…the delight of solitarinesse? I am not sure this is always the case. Dowland’s song is lovely, and does all those Elizabethan/Jacobean things about how countryside allows escape – from court, from love, from mess. The re-read of this play (I’ve sprinkled some allusions throughout this post) has given me much to think about tonight. However, just as the Duke in As You Like It retreats to the Forest of Arden not alone but with his company, the social aspect of the pictures below cannot be denied. Hey nonny no.
Maria Popova’s Brainpickings Blog is a mine of beautiful sources for all sorts of things. Here, she excerpts some of the writings of Hermann Hesse on trees, which sparked some thoughts on Twitter and in me. What makes a place special? Is it simply memory? Here I want to post some pictures and some brief explanations with really no thought but to explore some of the sites that have meant something to me over the past two or so years. So this is really just a resource for further reflection, taking account of space, memory and relationship. They aren’t in chronological order, or really in order of importance, except that the last is the most recent.
I’ll start at Wittenham Clumps, where I learned the value of Forest School back in 2000. This is a later picture, of course, with two grandchildren making dens. I’ll come back to Forest School, that almost incidental thing that was therapy for me after Theo died and then went on the inform my educational world view. Making dens in the Wittenham Woods, watching physical skills and inventiveness and imagination come together is still a great joy.
But the next has to be the first dawn looking to Ludchurch from Gradbach. The rising of the sun and the running of the deer. Wild Spaces Wild Magic defines so much of my work-thinking over the past two years: that it has such personal significance is down to the “geological pantocrator,” the pareidolic Green Knight (here in the initial project outline), and to the quiet glory of this dawn – and (back to the humans) to the team. It was mat who showed me that face, and if I have lost my heart to the project it is in part because of that experience, and then this glorious autumn morning, and also to the variety of gifts of the team – Debbie, Jane, Roger, Mat:
They make me think and feel and create (and fail and pick myself up) but it is this half an hour at dawn in a solitary wooded valley that was a moment of transcendence with
…tongues in trees, books in the running brooks,
Sermons in stones and good in every thing.
***
To create a methodological framework for this, I suppose I am looking for a visual approach to autoethnographic study – but in reality, I am not there yet. Where I am, or where I was the other week at any rate, was seeing woods not as a place of solitary contemplation as in my previous post, but as a place of meeting. A place of shelter, companionship, release, exploration: Who Will Go Walk? Here then, to end, is a series of photos: Nettlebed, a place of glory in bluebell time, where in Rob Macfarlane’s words “Each step in taken in an ocean”

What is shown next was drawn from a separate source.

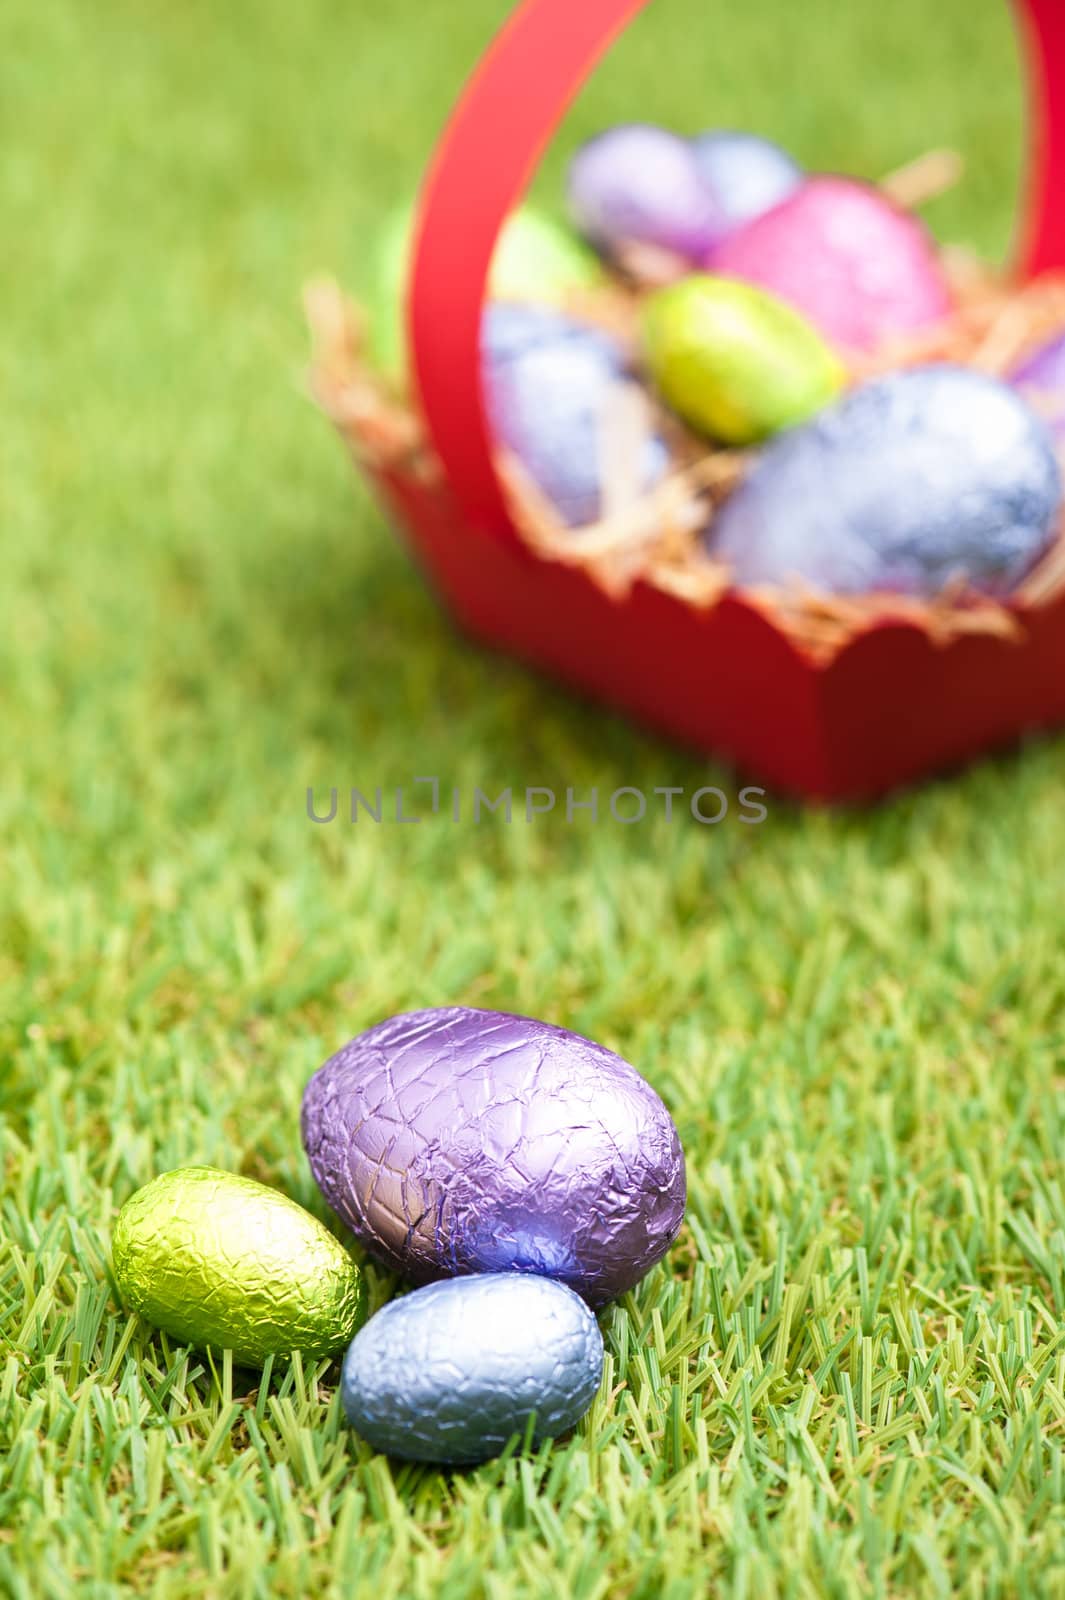 Red basket with Chocolate Easter eggs in an outdoor setting

and where in autumn Maggie and I have walked the red-gold of beech leaves. I could wish this were the site of Cooper’s fantasy sequence, so powerful it is, so amazing the visits I make with Maggie.
And then there’s Wychwood, the “strange caper” where I broke my finger trying to keep up with Jon. The memory stays, brings a smile. The finger is still wonky. Maybe the woods, like Arden, like a monastery, like life’s different contexts, are places we are accompanied by our follies? Maybe I needed to learn I am more “Full of wise saws, and modern instances,” a bit like this blog, than a nimble Orlando under a greenwood tree.
I cannot omit the 2016 autumn trip with Mat on the first, splendid visit to Alderley Edge. Here he is photographing away in the woods on our weekend in Garner Country. I’m not sure we found anything of real insight at Alderley that tentative first morning – but it does deserve another trip, maybe on its own. The Edge was maybe eclipsed for me by the later activities of the weekend, notable, of course, the meeting with the Green Knight, whose photos are all over this blog, and in whose magic wood on our last trip I felt both lost and found.
Nearly there. Three more shots: my local nature reserve, the Lye Valley where the ways the woods open out into fen are like a curtain drawing back… again the grandchildren, or two of them: watching them teaches me more than reading about outdoor learning. ..
…and the domestic woods at Harcourt where much of my Outdoor Learning practical work takes place… and yes, I did smoor that little fire. What started as what I think of (unkindly) as my hobby module has become a major part of my understanding of my role.
And finally to say nothing much but to bring the blog post to a finish, here are Chris and Jon and me. Woods and friendship again. Solitary they can be, as in the previous blog I cited – but they are also places of meeting. Another form of therapy?